Tobias Hanson is working with the Coalition for the International Criminal Court and is currently in Kampala for the ICC Review Conference. This post is written in his personal capacity.

After a lively warm-up, the real discussions at the International Criminal Court's first Review Conference have kicked off.

Last Sunday, the Ugandan President took on the UN Secretary-General in a football match dedicated to, and played with, victims of war in northern Uganda. Fittingly perhaps, the President's team (Justice) narrowly defeated the Secretary-General's (Dignity) in front of several thousand onlookers in Kampala's aging national stadium.

Back at the negotiating tables, among the dignitaries and luminaries present for the Review Conference is Ben Ferencz, a former prosecutor at the Nuremberg International Military Tribunal — a reminder of just how long the road has been to getting the crime of aggression under the jurisdiction of a permanent international criminal court.

Both Germany and Japan used their precious time at the microphone to make impassioned pleas for the inclusion of the crime in the statute. Citing their unique positions as states whose citizens have been tried for the crime of aggression after the Second World War, they urged states parties not to squander the historic opportunity.

As to getting there, 'consensus' has definitely been the word of the week — with the US Legal Advisor using the word 16 times in what was supposed to be a three minute intervention on Friday. He accurately summed up the present state of discussions on the crime of aggression when he said that moving forward with 'consensus (as opposed to a vote) is the only thing with consensus.'

Despite this carefully worded scepticism, there has been some real progress.

Brazil presented a creative proposal on Friday which allows for the inclusion of a definition of the crime of aggression in the statute, and for Security Council referrals to the Court for such crimes after the first state party accepts the amendment package.
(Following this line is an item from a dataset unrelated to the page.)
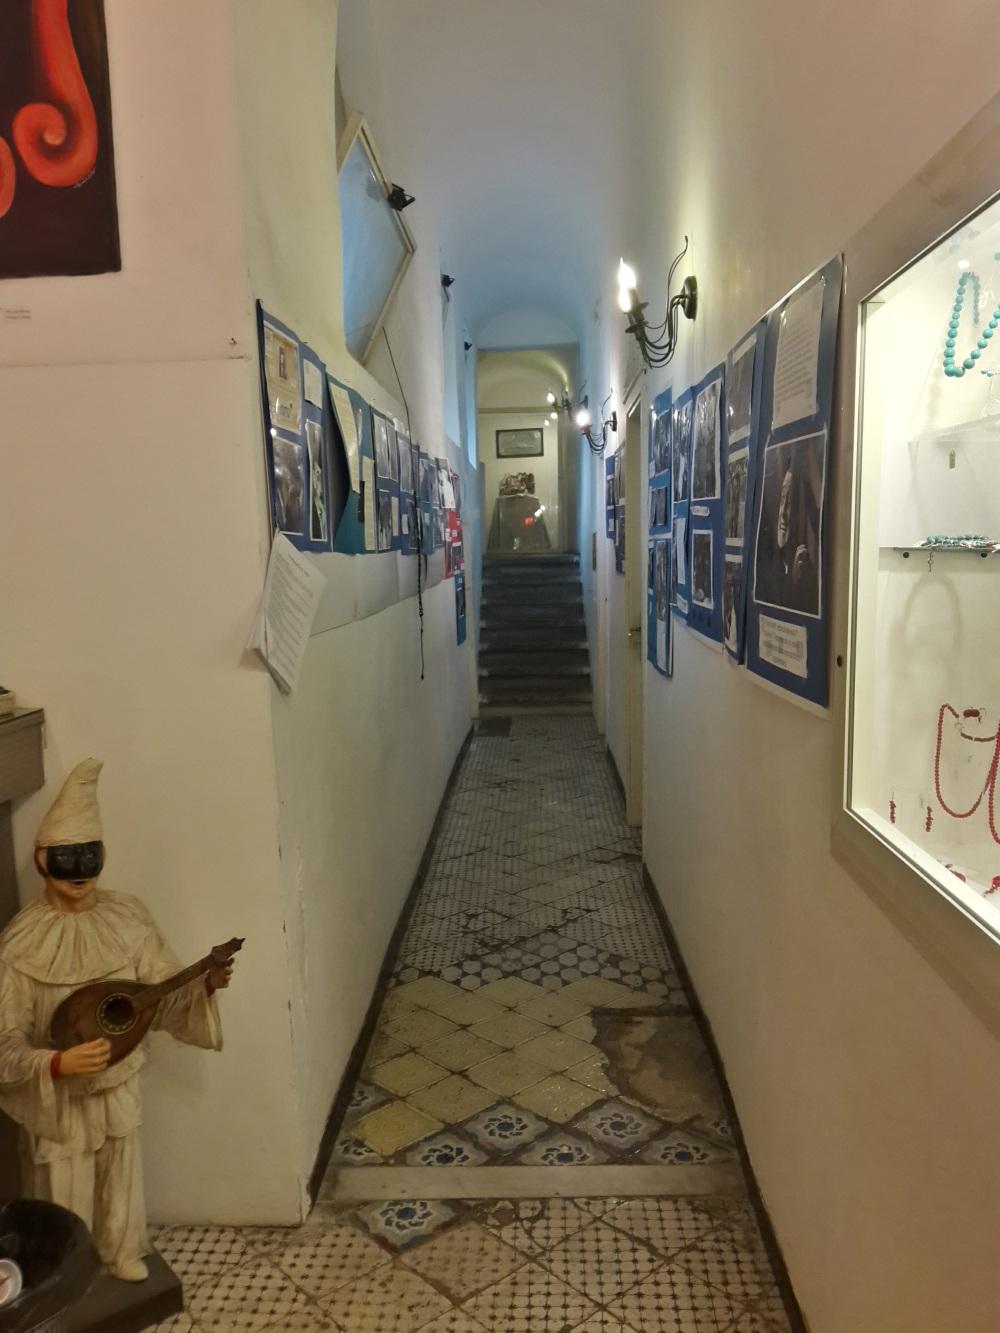 Napoli-Viaggio a Napoli-Cosa vedere a Napoli-Visitare Napoli-Palazzo Venezia Napoli-Palazzo Venezia-Architettura-Arte-Napoli-Viaggiare-Fotografia
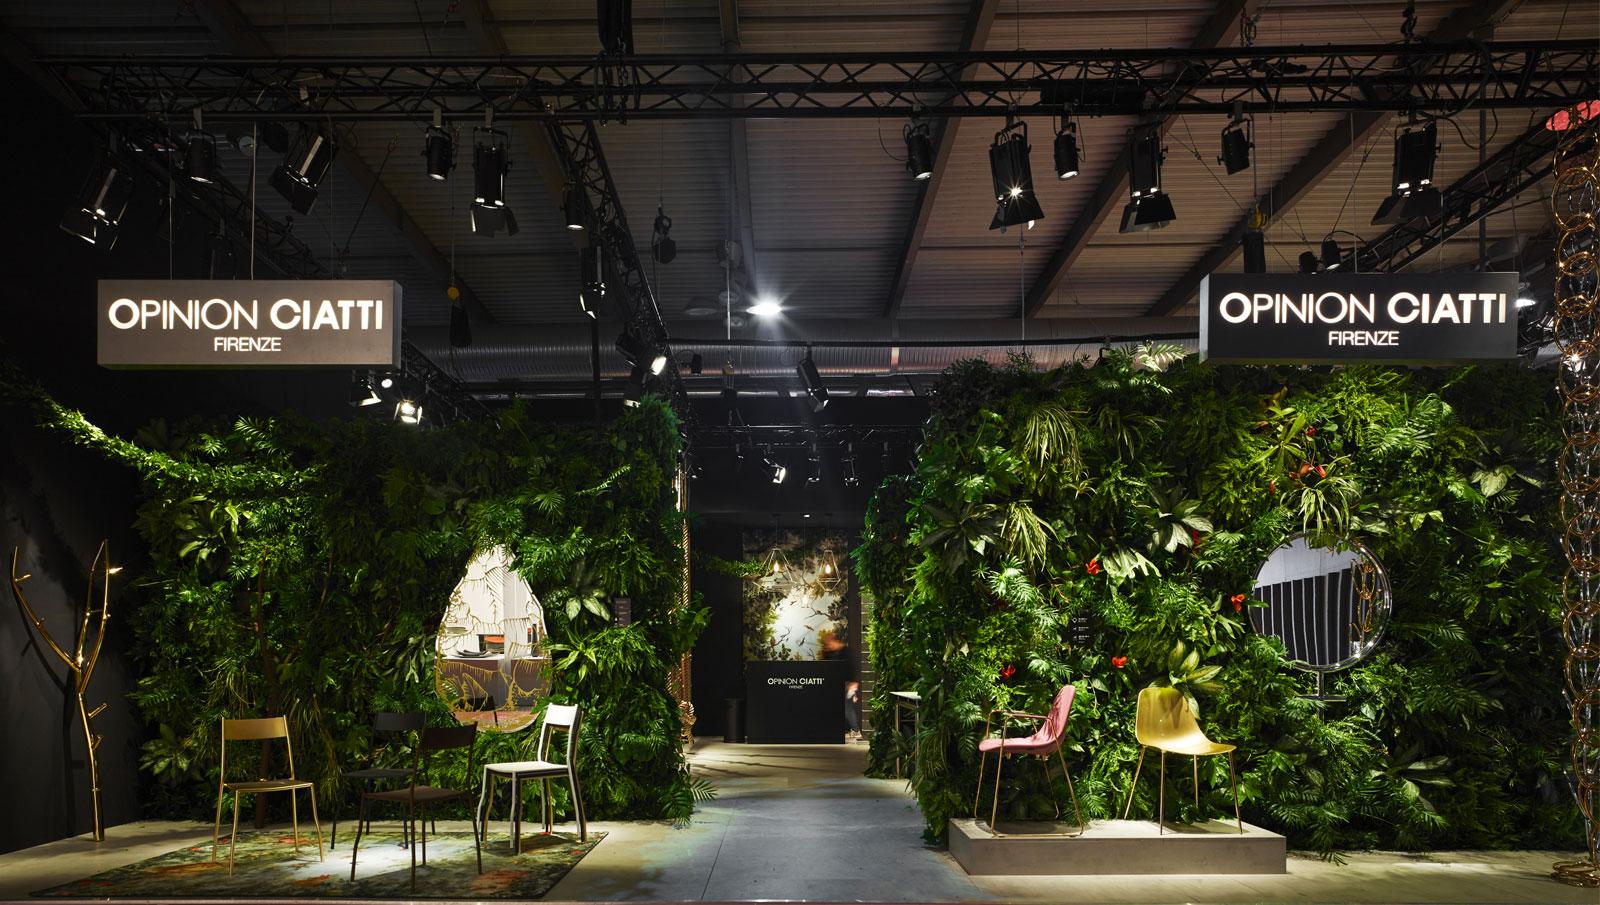 Opinion Ciatti at the Salone Internazionale del Mobile 2019

This would allow a period of time where the Court's Prosecutor could only investigate potential crimes of aggression after a Security Council referral. After 7/8ths of states parties (currently 98 of 111) accept the amendment package, the more controversial state referrals and the Prosecutor's own investigations would be possible. This would bring the legal regime governing the crime of aggression into line with the other crimes within the Court's jurisdiction (genocide, crimes against humanity and war crimes).

The value of this proposal is that it would allow for a concrete political and legal outcome to the Review Conference but would defer the most controversial aspects of the crime's operational effect until well into the future.

This proposal has attracted strong support from Argentina and Switzerland (who helped develop the idea) and was welcomed by many delegations on Friday, but it also has the Japanese delegation and many experts questioning the legality of its creative interpretation of the Court's confused and onerous amendment procedures.

The Chair of the discussions, Prince Zeid of Jordan, has told delegates that any amendments are to be finalised by Wednesday so as to afford the drafters two days to work on the text. In reality, the political and legal discussions as well as last-minute brinkmanship will continue late into the final night this Friday.